Но едва ли смурное хронософическое раздумье свойственно подвижному одиннадцатилетнему организму; через пару минут я уже мчался по Ворошиловградской, внутренне изображая рёв отцовского мотоциклета, и скоро ухарски, с заносом заднего колеса, затормозил в родном дворе — и замер в остолбенении: баба Феня пребывала на пешеходной тропинке против подъезда в неприсущей для неё особости положения, — в парадном своём ядовито-лазурном кримпленовом платьи, сложив руки на животе перед ведром, наполненным с горкой розовой мытой картошкой; она даже, кажется, слегка улыбалась, приязненно поглядывая на мимопроходящих — чуть-чуть смущённо, но с забавным деревенским достоинством. — Баб! Да ты, что ли, картошку продаёшь?!. — медленно и нехотя прорубал я сущность очередной социально-бытовой замороки, в то время, как от кучки спешившихся пассажиров 25-го автобуса отделилась тётенька с авоськой и, бегло спросив: — Почём будет, баушка? — получила почти горделивый ответ: — Рубель двадцать, доченька, бери, лишняя осталась. — Тут же имел место товарно-денежный обмен (через велосипедное скрипящее седло до почвы пронзивший меня совершенно диким в конце девятой пятилетки наличием обоюдно доброй воли и рыночной корректности): — Чего ж так дёшево? На базаре до трёшки доходит... — Бери-бери, здоровенькая картошечка! — Вот у меня тут полтинничек завалялся, пускай будет рупь пятьдесят. — Дай тебе Господь здоровья, дочка... — Вам спасибо, баушка...

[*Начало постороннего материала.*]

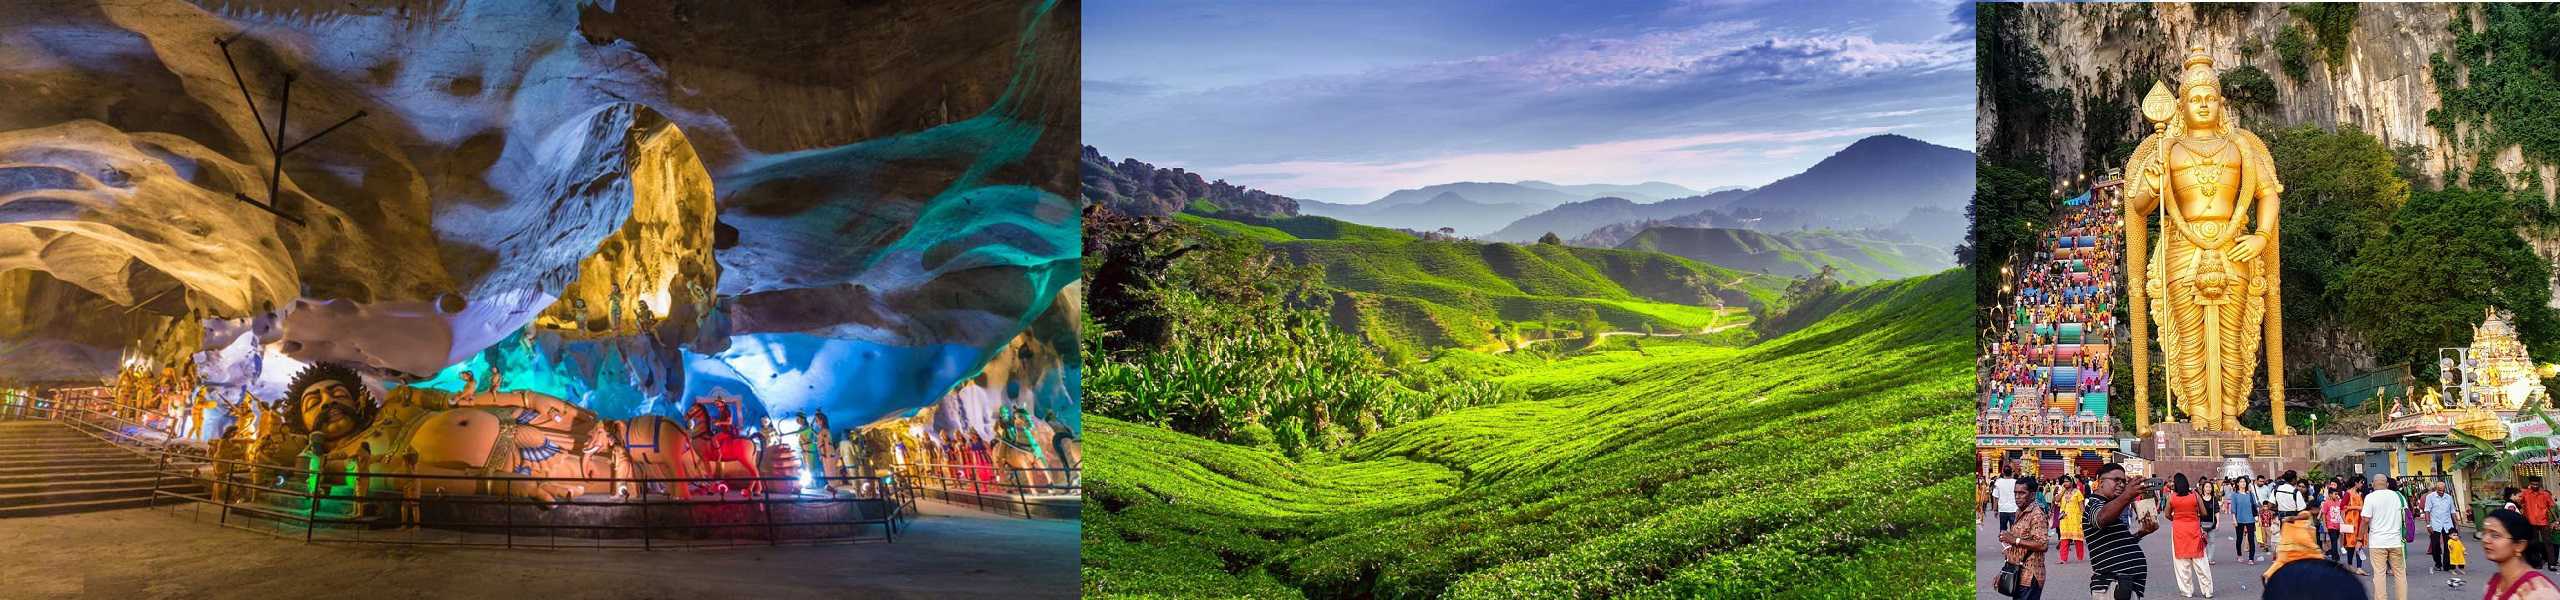 Địa điểm du lịch, tham quan cho người thích khám phá, mạo hiểm ở Malaysia

Я уже бросил велик оземь и суетливо помогал переместить продукт из ведра в авоську, и затем провожал взглядом добродушную и нежадную тётеньку, по-русски тяжелоплавно переступавшую меж двумя гружёными авоськами. — Ага, баб! можно ведь было и по два рубля продавать... — заметил я с непрошенной ехидцей; очевидное просочилось-таки сквозь мою черепную коробку и предстало — и по сию пору неясной этиологией причины — чуть ли не столь же постыдным и унизительным, как и открытие отвратительно-тайных физиологических обстоятельство нашего со Светкой появления на свет. Баба Феня — уже без стеснительной коммерческой полуулыбки — только махнула на меня согнутой костистой ладонью, ухватила с поклоном пустое ведро, а по пути к подъезду — и ноющую замурзанную Светку с охапкой сотрудников по играм, да и заковыляла, с натугой преодолевая ступеньки.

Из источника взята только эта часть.